The following Management's Discussion and Analysis of Financial Condition and
Results of Operation ("MD&A") is intended to help the reader understand our
financial condition. MD&A is provided as a supplement to, and should be read in
conjunction with, our financial statements and the accompanying integral notes
("Notes") thereto. The following statements may be forward-looking in nature
and actual results may differ materially.
Plan of Operation:
FORWARD LOOKING STATEMENTS: The following discussion may contain forward-looking
statements that involve a number of risks and uncertainties. Factors that could
cause actual results to differ materially include the following: inability to
locate property with mineralization, lack of financing for exploration efforts,
competition to acquire mining properties; risks inherent in the mining industry,
and risk factors that are listed in the Company's reports and registration
statements filed with the Securities and Exchange Commission.

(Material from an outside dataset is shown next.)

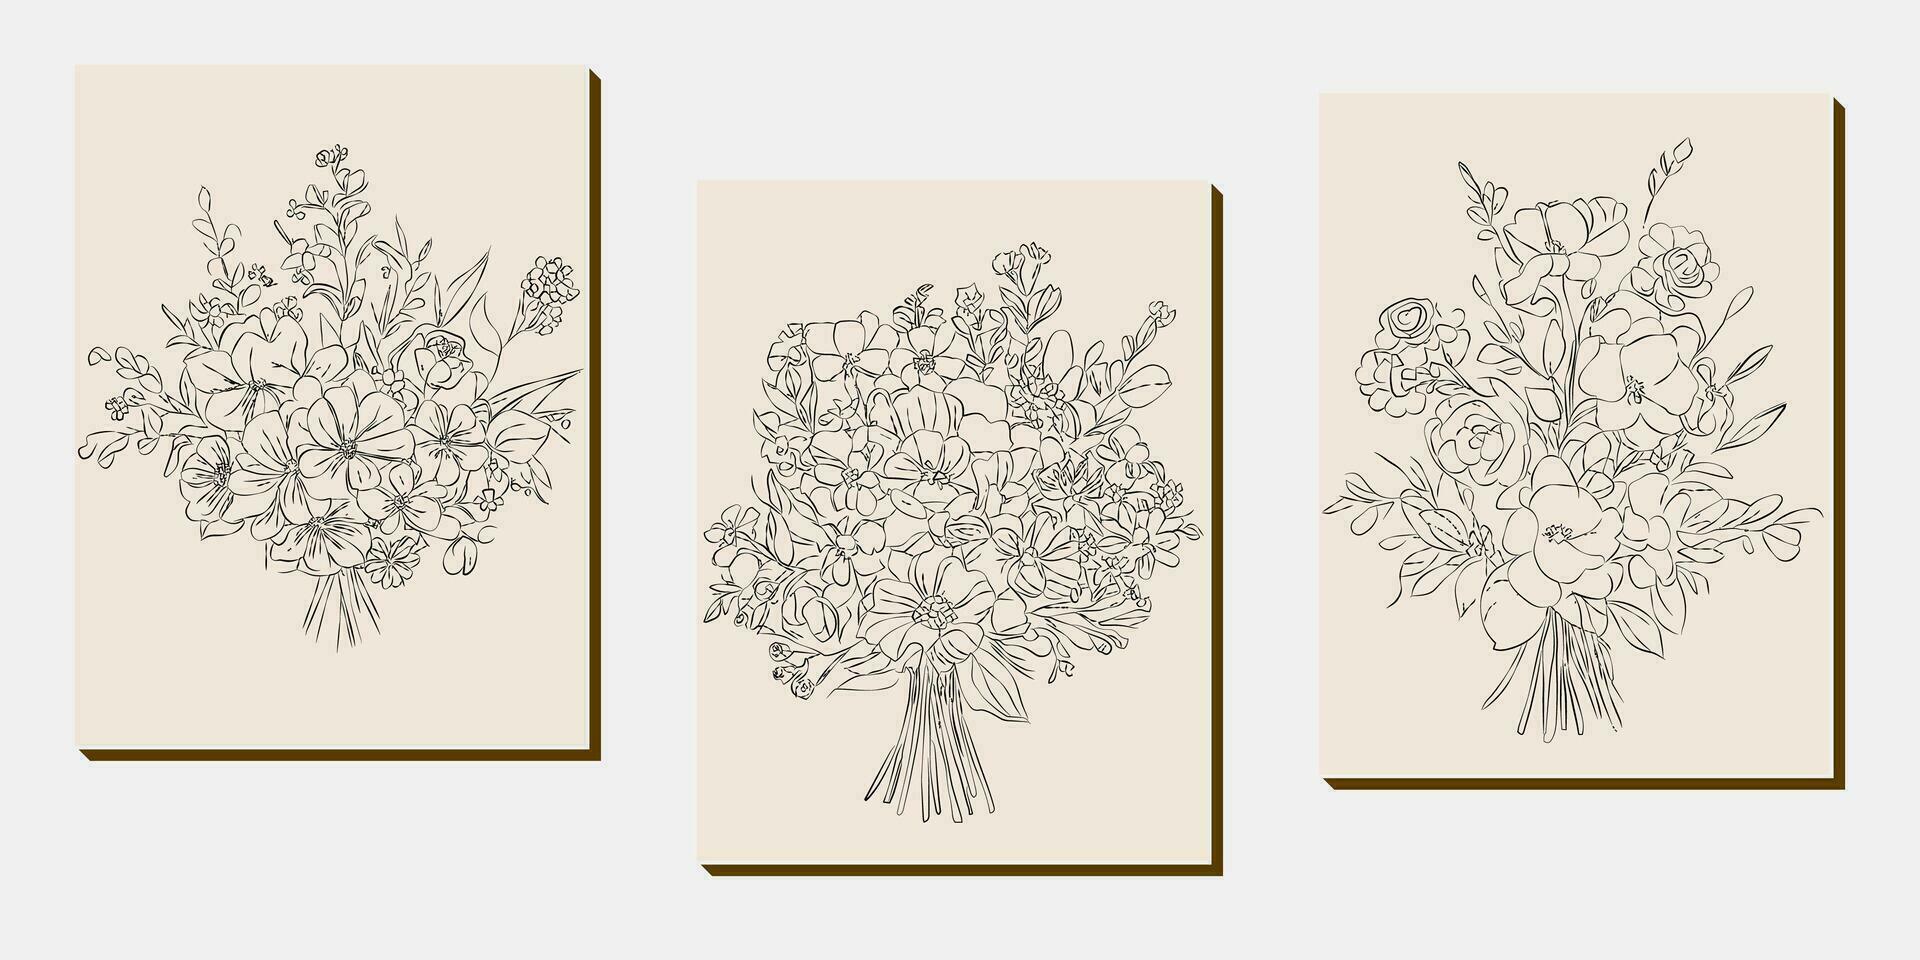 blomma bukett linje konst, svart och vit blommig uppsättning samling bunt ritad för hand, gren, lövverk, blad minimal antik retro samtida bläck teckning för dekor bröllop inbjudan och affisch kort vektor
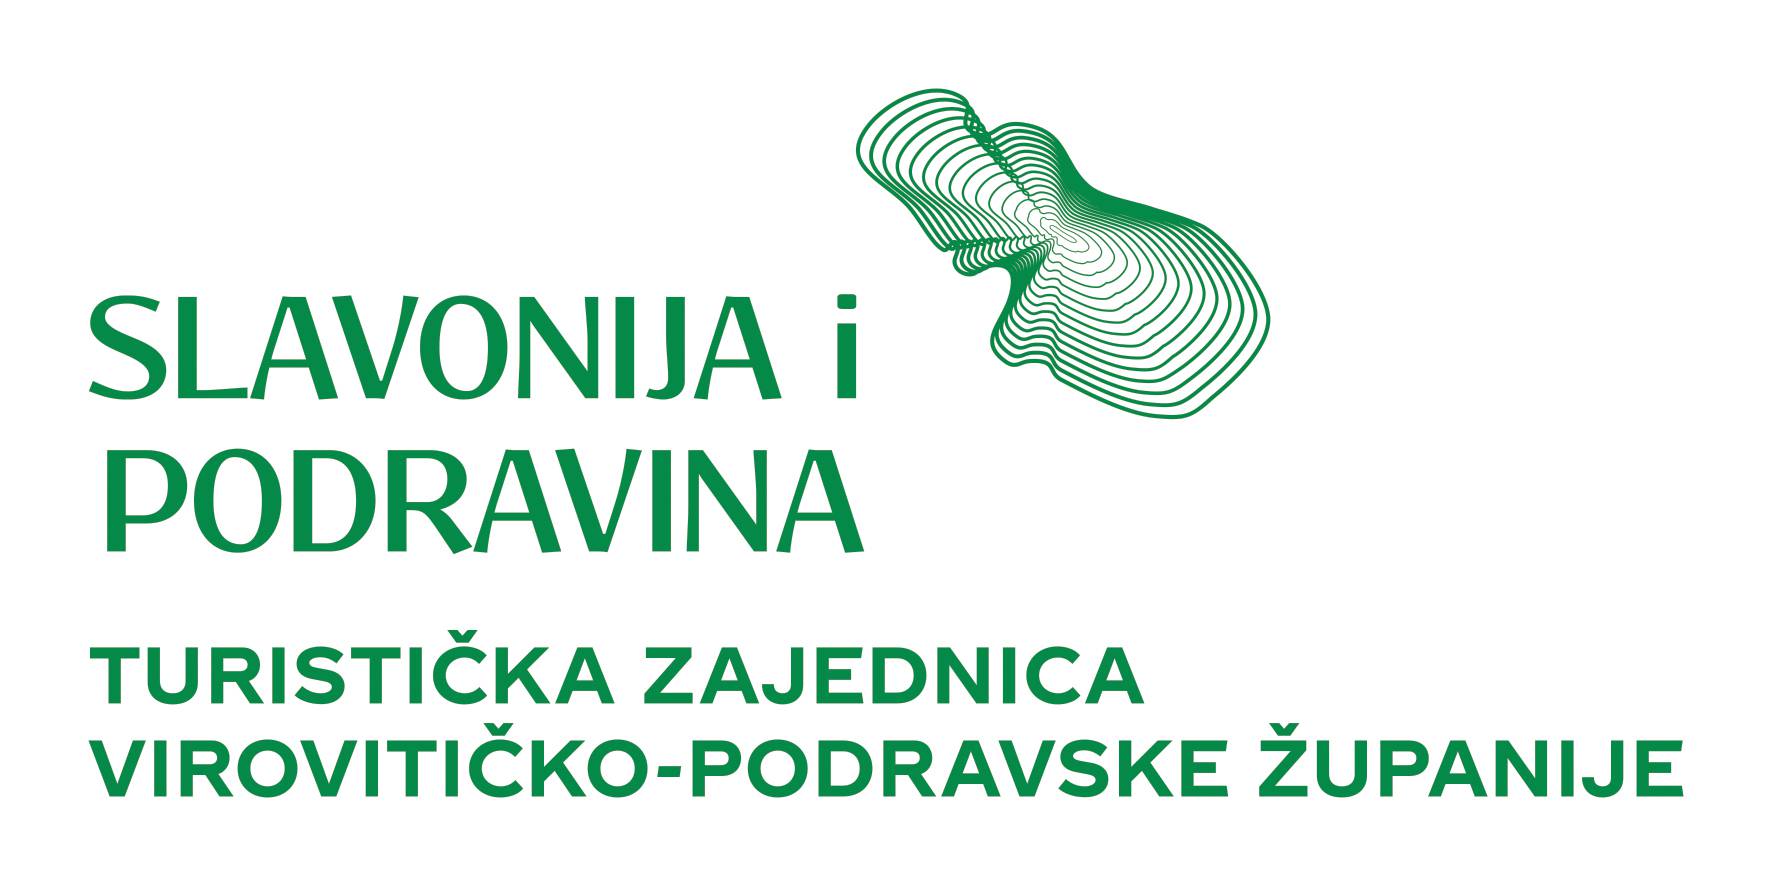 Slavonija i Podravina - monokromatski

The Company continued advancement of the South Mountain Project in 2022 with
BeMetals Corp. - Vancouver B.C. (TSX-V: BMET) - under an option agreement to
complete the pre-development work and produce a preliminary economic analysis
(PEA). On December 30, 2022, Thunder Mountain Gold, Inc. by and through its
subsidiaries Thunder Mountain Resources, Inc., a Nevada Corporation, and South
Mountain Mines, Inc., an Idaho Corporation ("SMMI") (collectively the "Company",
"THMG", or "We", "Our" or "Us") agreed to terminate the Option Agreement, (the
"BeMetals Option Agreement") with BeMetals Corporation, a British Columbia
corporation, and BeMetals USA Corporation, a Delaware corporation ("BeMetals
BMET"). The Company's management has immediately commenced marketing the South
Mountain Project to other groups that have expressed an interest. The Company's
plan of operation for the next twelve months is to complete the South Mountain
PEA on schedule and within budget.
Results of Operations:
In 2022, the Company recorded a net loss of $1,244,739, or $0.02 per share
compared to a net loss of $571,796, or $0.01 per share for the same period of
2021. The increase in net loss was driven by a decreased of $500,000 in gain
on mineral interests as a result of payments received pursuant to the terms of
the BeMetals option agreement, for the year ending December 31, 2021. The
Company also experienced an increase in legal and accounting expenses of $28,408
as well as an increase in management and administrative expenses of $201,862.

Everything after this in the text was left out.